Si
Henning Mankell a fait ses preuves dans « le policier » avec un
personnage qui m’est cher, il n’en a pas moins réussi dans la fiction.
Un
paradis trompeur, son dernier opus, tel Mankell partagé entre deux pays, nous
embarque d’une part entre la Suède et le Mozambique, mais surtout au cœur de
l’histoire coloniale de ce petit bout d’Afrique orientale.
C’est
l’histoire d’Hanna qui nous est contée ; une histoire pas banale du tout,
basée sur des éléments véridiques dont s’est inspiré Henning Mankell fin
connaisseur ce pays.
Au
travers de ce parcours atypique d’une blanche, suédoise faisant irruption dans
un monde lusophone où blancs et noirs se défient mutuellement, Henning Mankell
veut nous interpeller sur un système colonial fait d’injustices, de violence,
et de rabaissement. Hannah se sent bien seule, et désemparée. D’un naturel
humain et généreux, elle a toutes les peines du monde à se faire aux us et
coutumes. Ses filles travaillant dans son bordel, trouveront en elle une vraie
mère (maquerelle, peut-être, mais infiniment bonne et protectrice)

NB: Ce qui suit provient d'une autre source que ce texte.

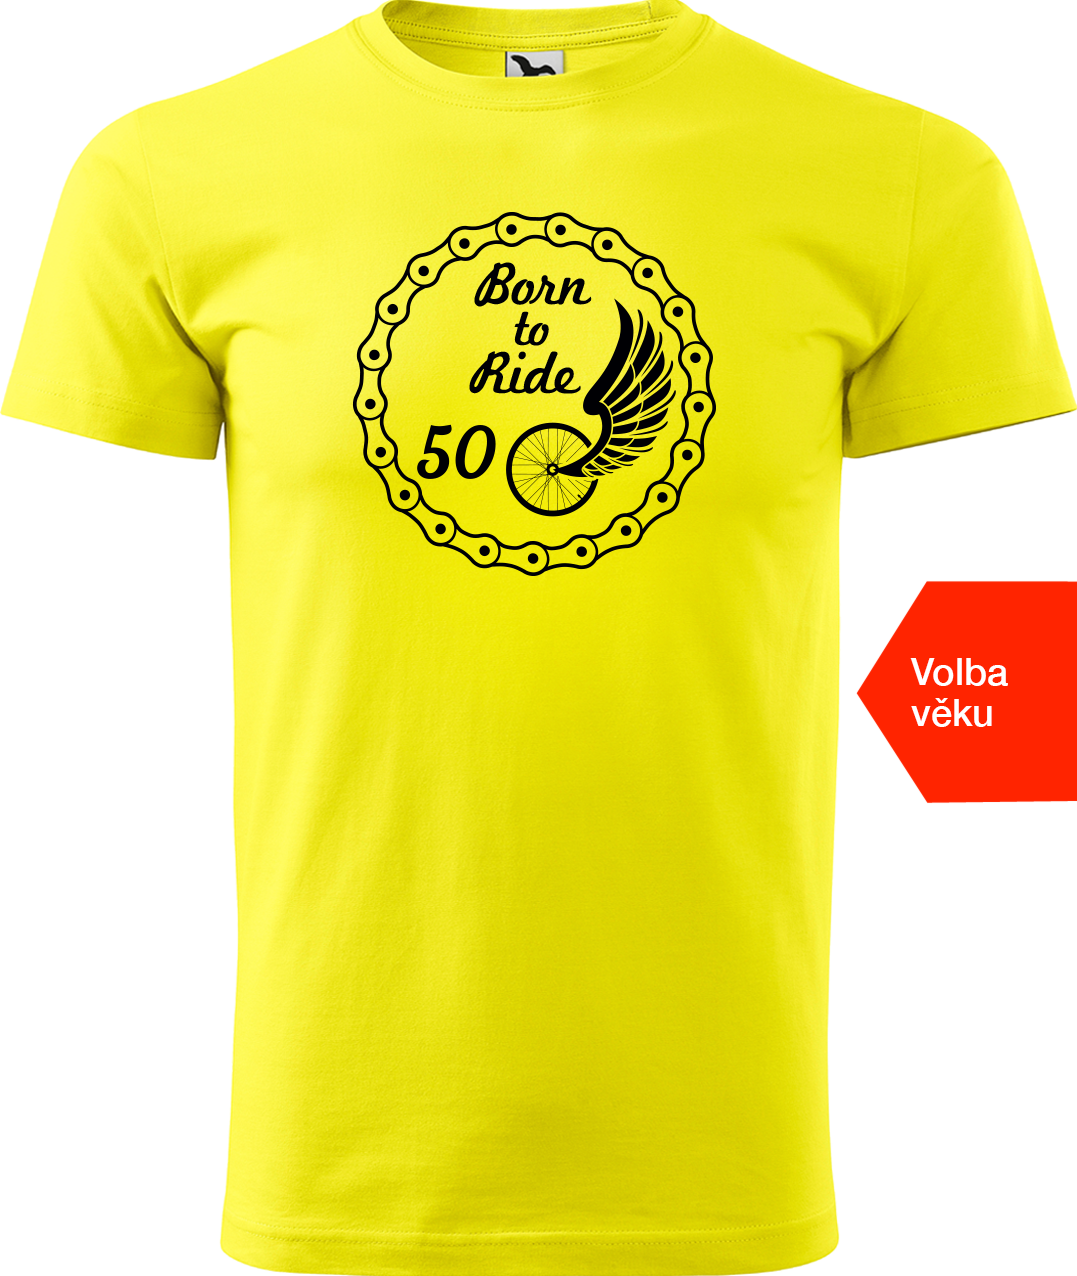 Pánské tričko pro cyklistu s věkem - Born to Ride (wings) Velikost: L, Barva: Žlutá (04)

« Elle vivait sur un continent triste, où les
seuls à rire, et souvent bien trop fort, étaient les Blancs. Mais ce rire, elle
le savait, n’était qu’une façon de cacher une peur qui se transformait facilement en terreur. »
Cette
femme est attachante. Deux fois veuve, c’est dans le tendre souvenir de son premier mari qu’elle se love, alors que le second la rendue très
riche. Mais c’est auprès d’un singe qu’elle trouvera le plus de force. Henning
Mankell nous livre à la fin de son ouvrage des moments beaux et émouvant à l’évocation
de Carlos, ce singe plus humain que singe.
«
Sur ce continent troublant et
contradictoire, elle avait finalement pu faire confiance qu’à un singe. »
Si
l’écriture d’Henning Mankell est simple, elle parvient à faire ressortir l’ambiance
lourde, et le fossé entre les deux communautés qui ne parviennent pas à se
comprendre, et à vivre ensemble.
D’un
continent à l’autre, la misère a le même visage. Les époques changent, les
trajets pour la fuir, aussi. Mais au fond, rien ne change : les hommes ont
toujours autant de mal à s’accepter.
Un paradis trompeur, Henning Mankell
Seuil, Octobre 2013
375 pages
4ème de
couverture :
Le
froid et la misère ont marqué l’enfance de Hanna Renström dans un hameau au
nord de la Suède. En avril 1904, à l’âge de dix-huit ans, elle s’embarque sur
un vapeur en partance pour l’Australie dans l’espoir d’une vie meilleure. Pourtant
aucune de ses attentes, ou de ses craintes, ne la prépare à son destin. Deux
fois mariée brièvement, deux fois veuve, elle se retrouve à la tête d’une
grosse fortune et d’un bordel au Mozambique, dans l’Afrique orientale
portugaise. Elle se sent seule en tant que femme au sein d’une société
coloniale régie par la suprématie machiste des Blancs, seule de par la couleur
de sa peau parmi les prostituées noires, seule face à la ségrégation, au
racisme, à la haine, et à la peur de l’autre qui habite les Blancs comme les
Noirs, et qui définit tout rapport humain. Ce paradis loin de son village natal
n’est-il qu’un monde de ténèbres ?
A propos de l’auteur :
Henning
Mankell, né en 1948, partage sa vie entre la Suède et le Mozambique. Lauréat de
nombreux prix littéraires, outre la célèbre « série Wallander » il est
dramaturge et auteur de romans sur l'Afrique et pour la jeunesse.
Un très bon roman de Mankell pour moi. Je suis contente que tu l'ais aimé.